Item 9 — Final Disclosure Statement (Block B deliverable, unit-closing): A single, finalized disclosure statement appropriate for inclusion in a methods section or acknowledgments section of a peer-reviewed publication. The statement must: name the tools and approximate versions used; specify the tasks for which AI assistance was employed across the full unit; describe the verification procedures applied; and include an explicit accountability statement affirming that all claims, analyses, and conclusions were reviewed and affirmed by the team, who take full responsibility for the work. The statement must also specify whether and how the LLM ensemble was used to review or revise the predictive model report produced in Unit 4, including a description of the verification procedure applied to ensemble critiques of that report. The statement must be consistent with the completed invalidation log.
Unit 8: Jackson Heart Study (3 hours)
8.1 Introduction to the Jackson Heart Study
This lesson provides an overview of the Jackson Heart Study (JHS), focusing on its design, data collection, and variable interpretation. Students will describe the JHS’s purpose, population, and exam structure, summarize clinical, survey, and genetic data collection methods across study phases, and learn to use JHS codebooks to identify variables for research questions.
Learning Objectives:
- Describe the JHS Study Design: Explain the purpose, population, and structure of the JHS, including its major exams.

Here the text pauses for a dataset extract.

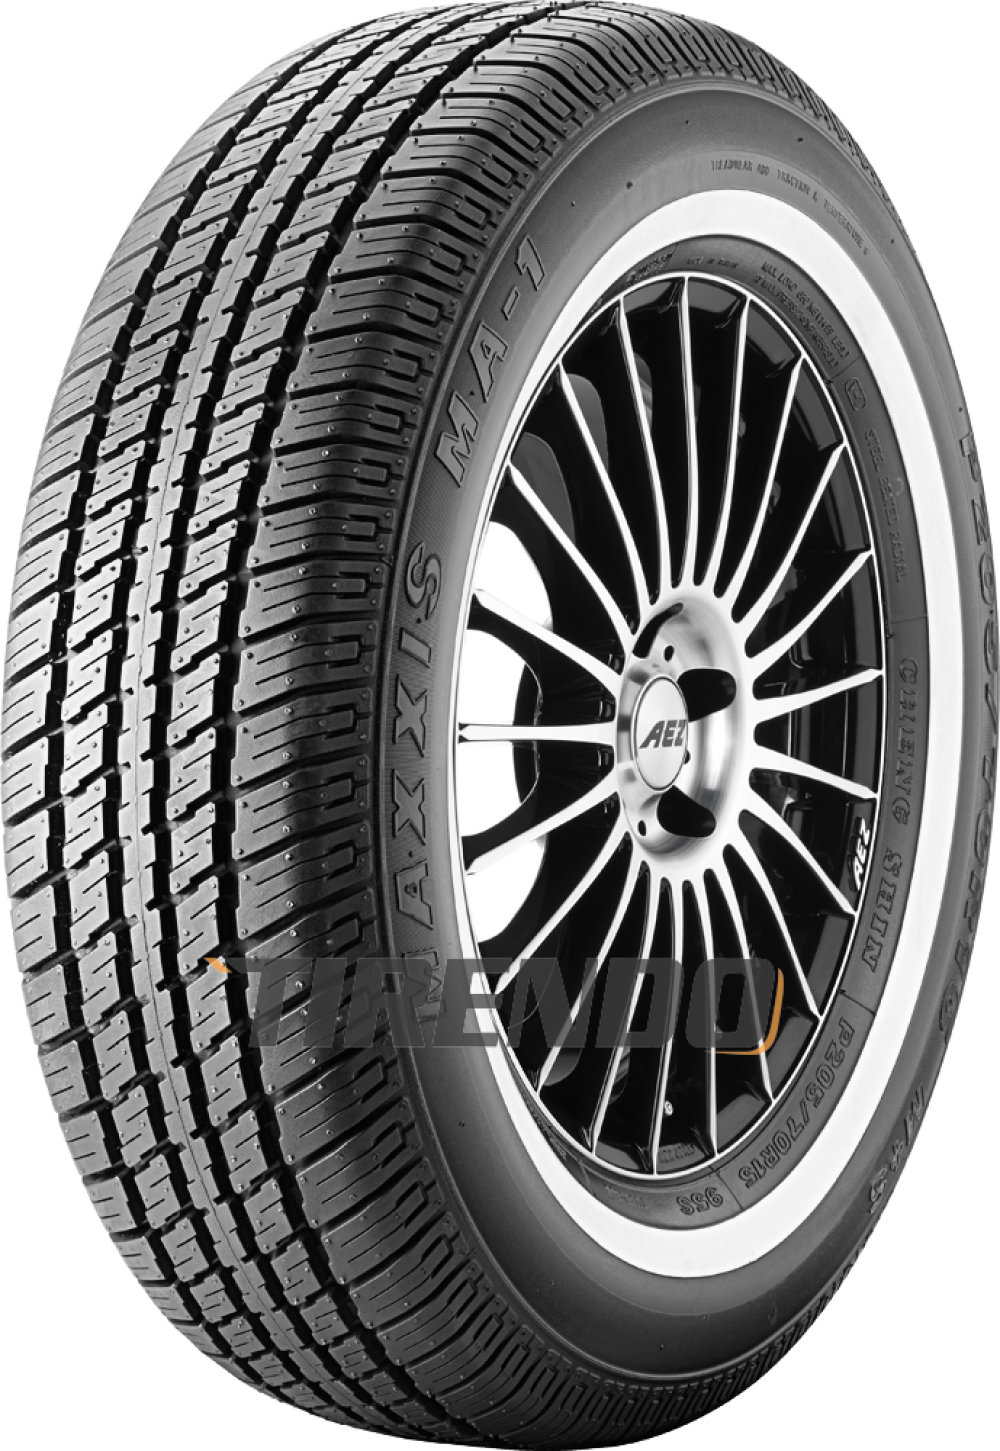 Maxxis MA 1 ( 205/70 R15 95S WSW 20mm ) von Maxxis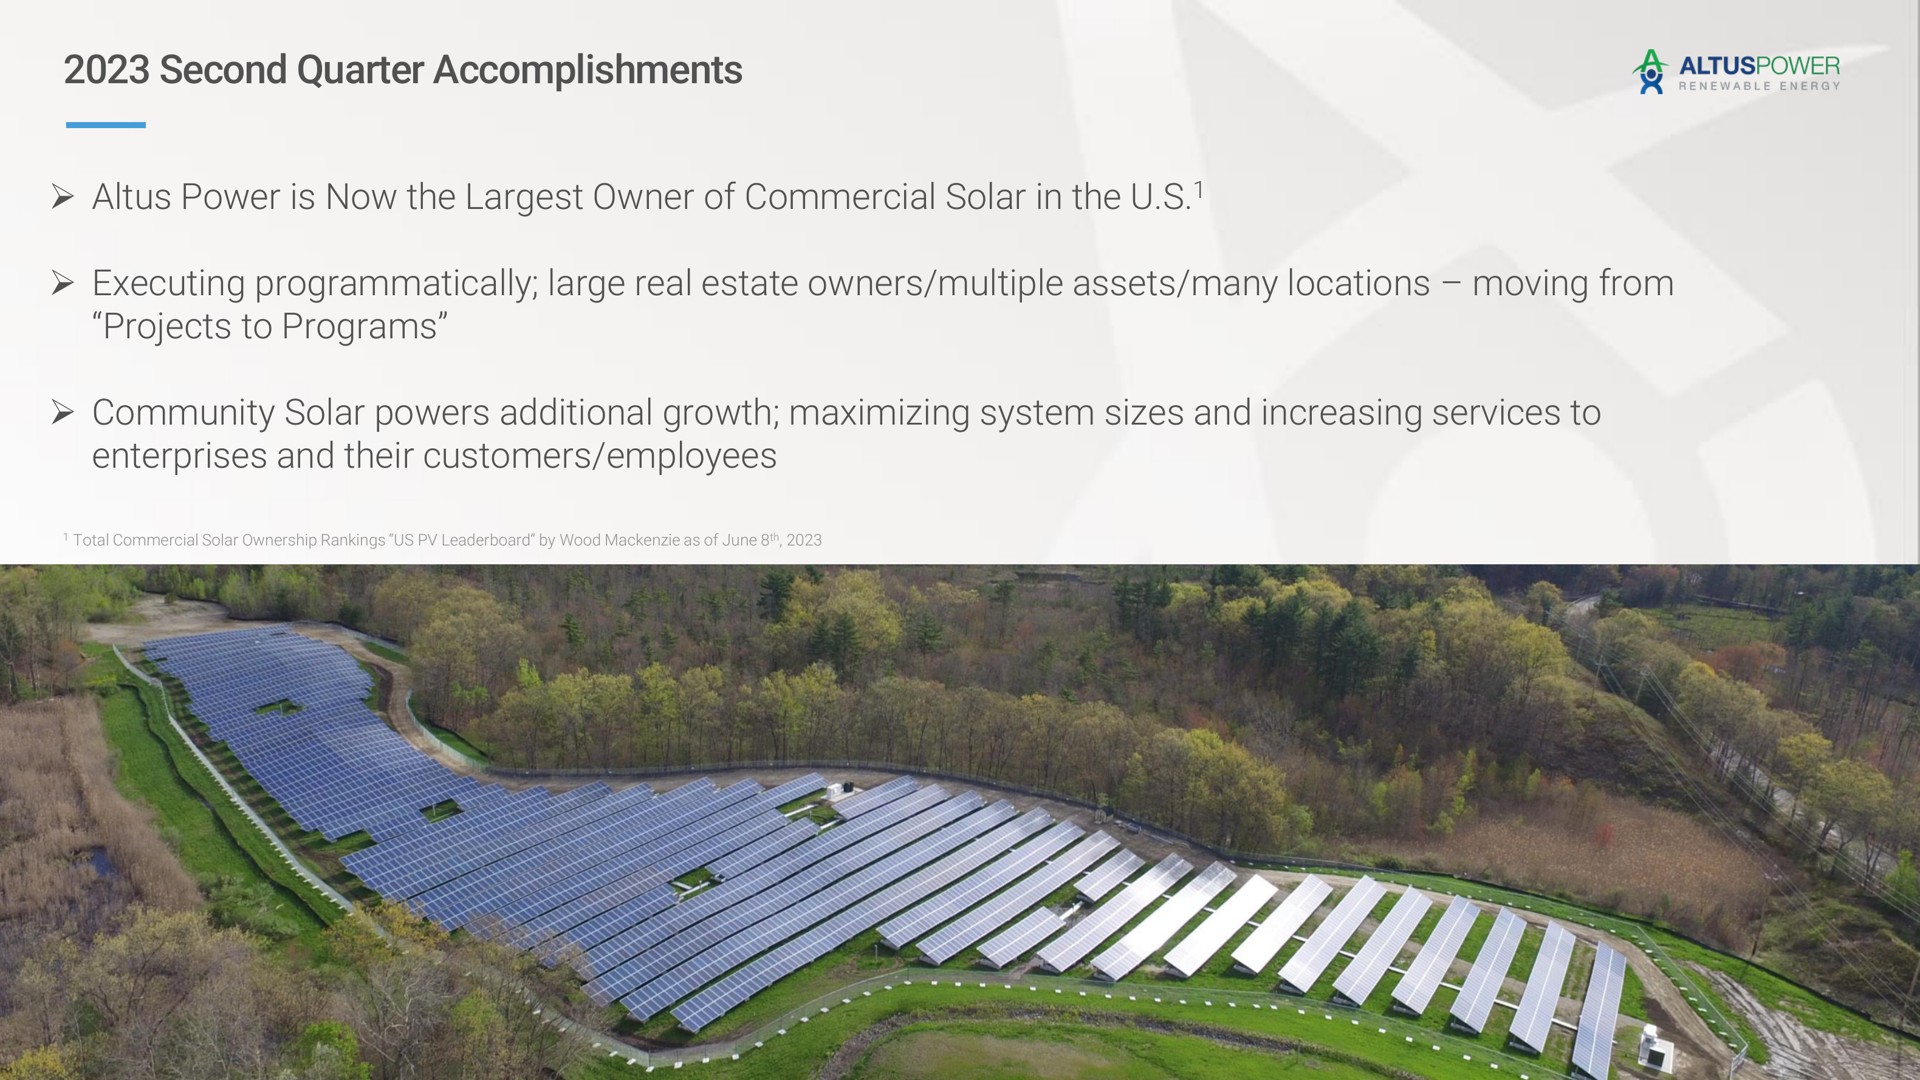 second quarter accomplishments power is now the owner of commercial solar in the executing programmatically large real estate owners multiple assets many locations moving from projects to programs community solar powers additional growth maximizing system sizes and increasing services to enterprises and their customers employees | Altus Power

- Summarize Data Collection Methods: Identify the types of data collected (e.g., clinical, survey, genetic) and the methods used in different study phases.
- Interpret Key Variables and Codebooks: Understand how to use JHS codebooks to find variables relevant to specific research questions.
Assessment Instrument:
- Describe in your own words the purpose of the JHS, cohort characteristics, and exam waves.
- Describe how JHS collects specific data (e.g., CAC scores, lipid tests, etc.) and potential biases in data collection.
- Answer the following question: “Association between hysterectomy and cardiovascular disease in the JHS, adjusting for covariates” by locating relevant variables in the JHS codebook. Describe the variables chosen and their rationale.
8.2 The Process of Manuscript Development in the Jackson Heart Study
This lesson covers the process for requesting and obtaining JHS data. Students will learn to navigate data access procedures, including submitting manuscript or ancillary study proposals, completing data use agreements, and addressing ethical considerations to ensure responsible use of JHS data.
Learning Objectives:
- Explain Data Access Procedures: Describe the process for requesting and obtaining JHS data, including data use agreements and ethical considerations.
Assessment Instrument:
- In your own words, enumerate the steps involved in the process for developing a JHS manuscript.
- Using the information acquired from the lecture, draft a mock JHS manuscript proposal, using the Manuscript Proposal Form provided and the sample manuscript proposal.